Fikrimin İnce Gülü: Sarı Mercedes

sarı mercedes

Fikrimin İnce Gülü: Sarı Mercedes, 1976 yılında Adalet Ağaoğlu’nun Remzi Kitabevi’nden ilk baskısı çıkan, Türkiye’nin ilk yol romanı olan ve ismini, roman kahramanı Bayram’a sevgilisi Kezban’ın hediye ettiği plakta yer alan “Fikrimin İnce Gülü” adlı şarkıdan alan, cehalet, ihanet, zenginlik tutkusu, yalnızlık, ezilmişlik, sevgi temalarının işlendiği ve Yönetmen Tunç Okan’ın gözünden beyazperdeye aktarılan Türk Sinemasında yer etmiş önemli bir yapıttır.
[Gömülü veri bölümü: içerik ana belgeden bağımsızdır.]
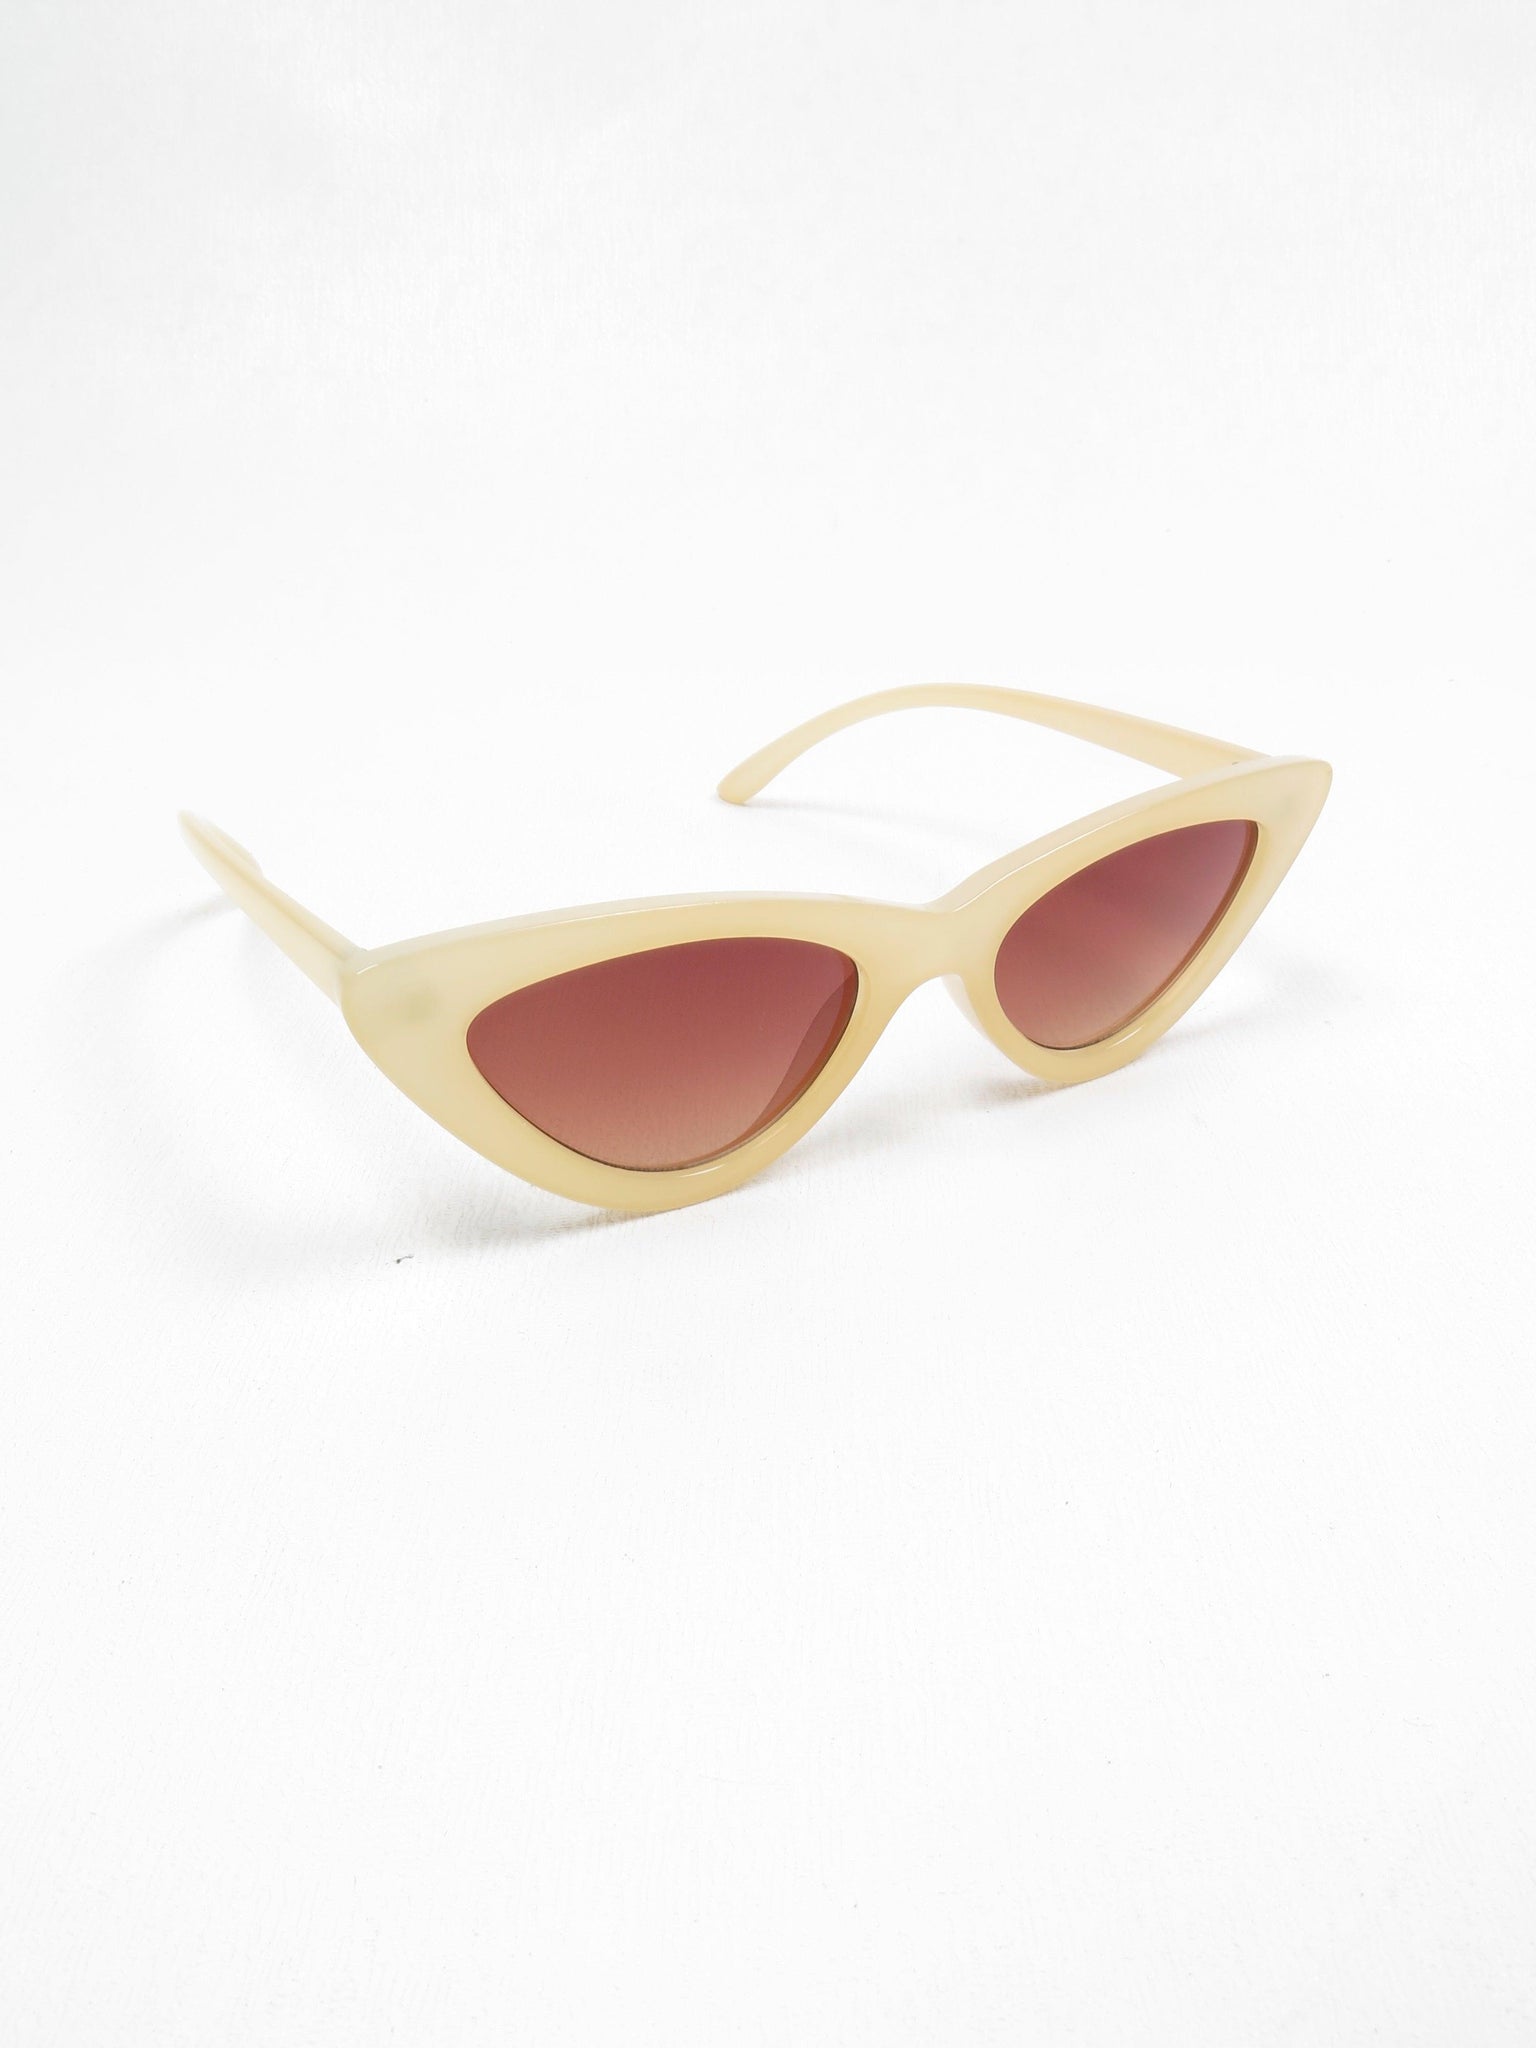 True Cat Sunglasses - The Harlequin

Hikaye, Almanya’da çöpçü olarak çalışan işçi Bayram’ın, hayattan soyutlanarak biriktirdiği para ile hayallerini süsleyen bal renginde bir Mercedes satın alıp Türkiye’ye, köyüne doğru yola çıkmasını temasında taşıyor. Film, Bayram’ın, Kapıkule sınır kapısından başlayan ve şimdilerde Sivrihisar’da Pessinus Antik Kentinde sona eren yedi saatlik zaman diliminde yaşadığı yolculuğu konu almaktadır.

Adalet Ağaoğlu’nun romanı, Almanya’ya dış göçün yaşandığı bir dönemde toplumun ruhunu yansıtan bir eserdir. Yönetmen Tunç Okan, özgün hikayede değişikliklere gitse de eserin yapısına bağlı kalmayı tercih etmiş ve Antalya Altın Portakal Film Festivali‘nde En İyi Yönetmen ödülünü kazanmıştır. 

Fikrimin İnce Gülü: Sarı Mercedes

Filmdeki rolü ile Ankara Film Festivali‘nde En İyi Erkek Oyuncu ödülünü alan İlyas Salman muhteşem oyunculuk performansını bu filmde de ortaya koyuyor. Yolculuğu esnasında Bayram’ın başına gelen türlü olayları ve bunun neticesinde verdiği tepkileri seyirci çoğunlukla gülümseyerek seyrediyor olsa da, bu olaylar aslında sosyolojik ve felsefi birçok katmanı içinde barındırmaktadır.

İkinci Dünya Savaşı sonrası sanayi devi Almanya’nın yaralarını sarma ve ekonomisini tekrar inşa etme sürecinde ucuz emek talebine sanat eserlerinde ilgili dönemde çokça yer verilmiştir.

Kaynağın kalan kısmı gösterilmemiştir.